Victorian Premier Daniel Andrews last year announced with self-righteous glee that his government plans to make ‘any practice or treatment that seeks to change, suppress or eliminate an individual’s sexual orientation or gender identity,’ illegal.
This peacocking is very interesting indeed, considering the fact that many of his own prized sexuality education resources state “Identity is fluid and can change over time, and this applies to our sexuality and gender identity too… It’s completely up to you!”
Statements such as this, coupled with the many and varied encouragements to “explore” and “play” with one’s sexuality and identity, in those same education resources, leave one wondering if Daniel Andrews isn’t suffering from a very serious case of pot, kettle, black? Indeed, will this legislation actually open the door for legal action by students who feel pressured to question their heterosexuality and cis-normativity in class?
What if a homosexual student desires to have biological children one day, (but is unwilling to commodify a human being), and so decides to explore the possibility of igniting or increasing heterosexual attraction for that purpose? If sexuality is fluid, as Daniel Andrews mandates that children be taught, then how can it be bigotry to allow it?
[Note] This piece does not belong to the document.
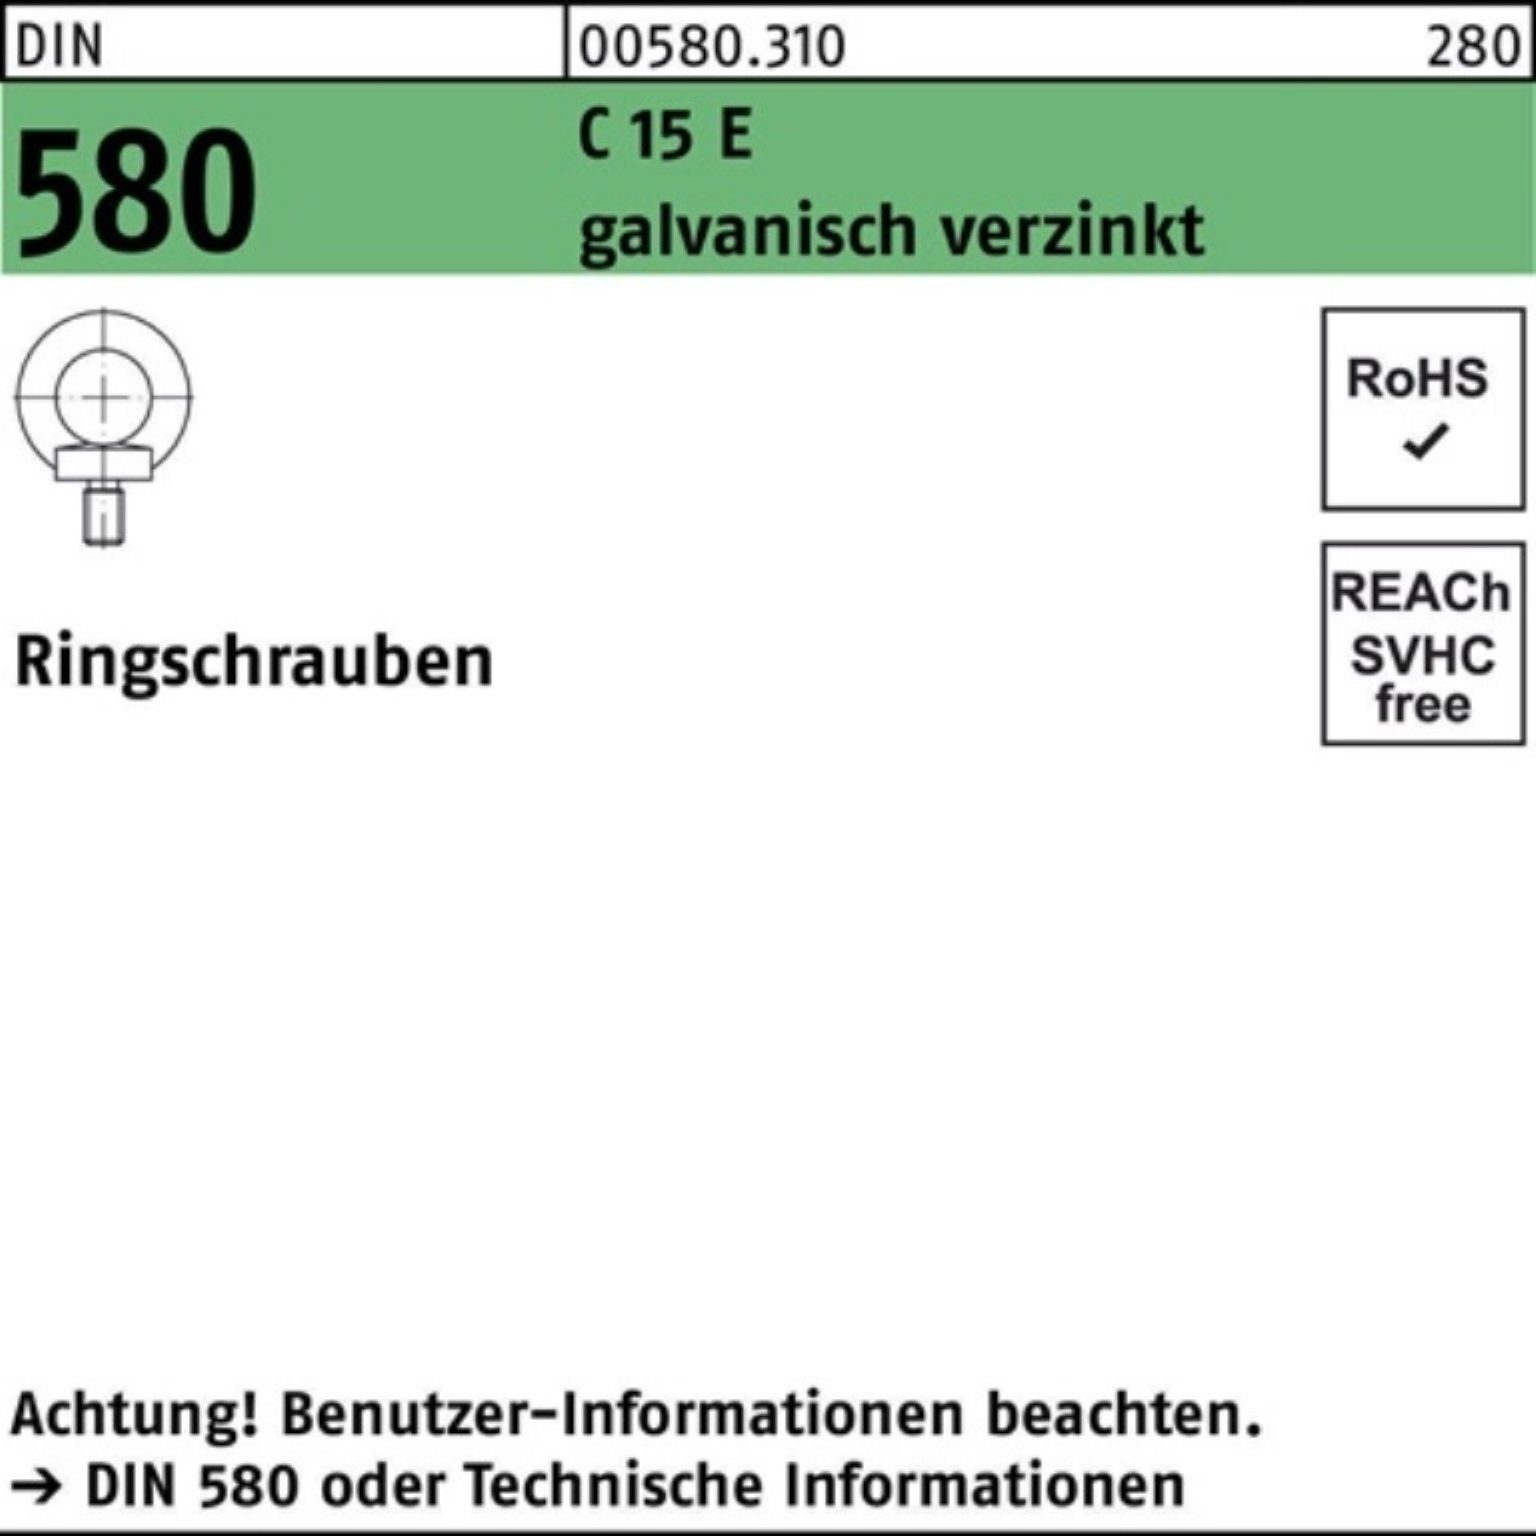 Reyher Schraube 100er Pack Ringschraube 15 E Stück C DIN 580 galv.verz. 58 M14 DIN 10
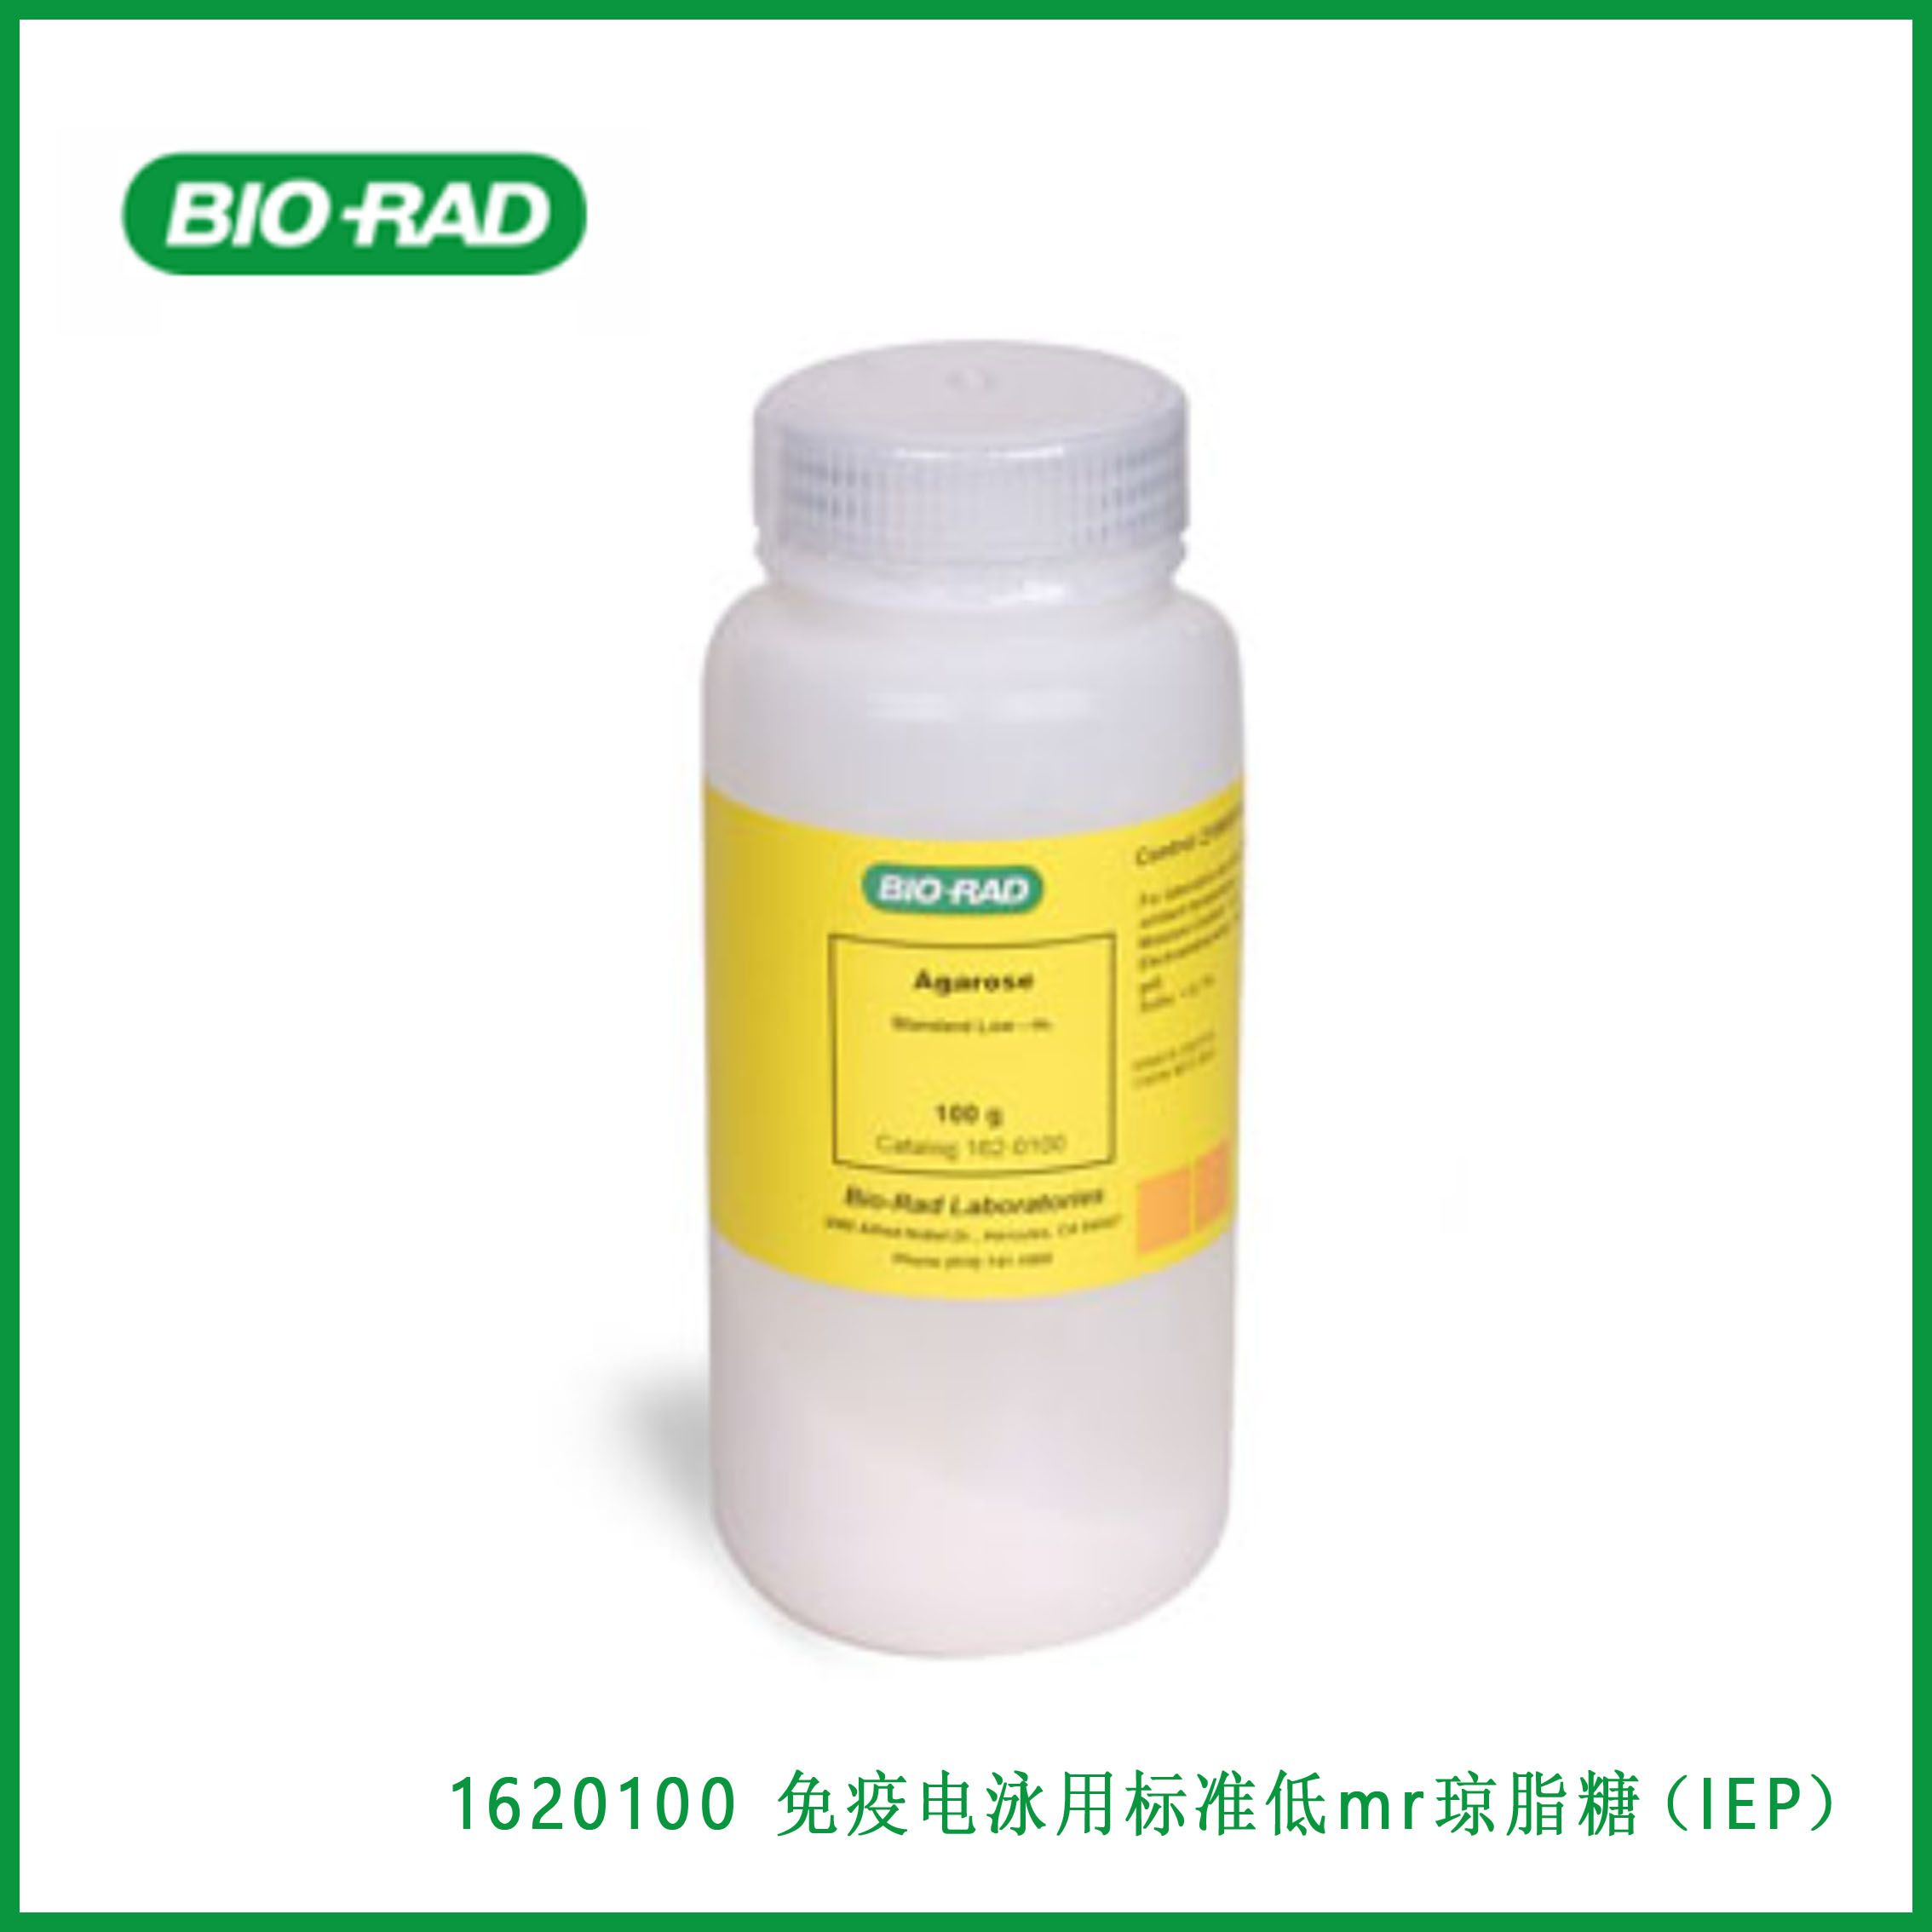 伯乐Bio-Rad1620100 Standard Low -mr Agarose for Immunoelectrophoresis (IEP)，免疫电泳用标准低mr琼脂糖（IEP），现货

What if a family have a child experiencing gender dysphoria, and, encouraged by peer-reviewed studies showing very high rates (over 80 per cent) of desistance of dysphoric feelings after natural puberty, decide to take the ‘watch and wait’ approach in the very reasonable hopes of avoiding drastic and irreversible medical interventions? If gender is fluid, as Daniel Andrews mandates that children be taught, then how can it be bigotry to encourage children to harness that fluidity to avoid extremely high-risk procedures?
Is Daniel Andrews truly disgusted by all attempts at conversion? Or only conversion in one direction? For example, I am yet to hear of his outrage over revelations in The Sunday Age and its fellow Sydney chip wrapper that many in the media and LGBTI community were applying pressure on Missy Higgins to come out as gay.
“For so many years, the media was trying to get me to say I was gay,” she says. “Except I didn’t feel that I was. It drove me crazy… I felt a lot of pressure back then, I was living in LA, hanging out mostly in the gay community, and they didn’t take fondly to the idea I might be bisexual. The media were pushing me for an answer but I couldn’t give them the headline they wanted. That’s a big reason why I retreated.”
That this legislation presents a very serious attack on not just religious freedom but freedom of speech and freedom of conscience, is plain for all to see.
That the same might highlight the hypocrisy and internal incoherence of the Andrews Governments agenda might just be the silver lining.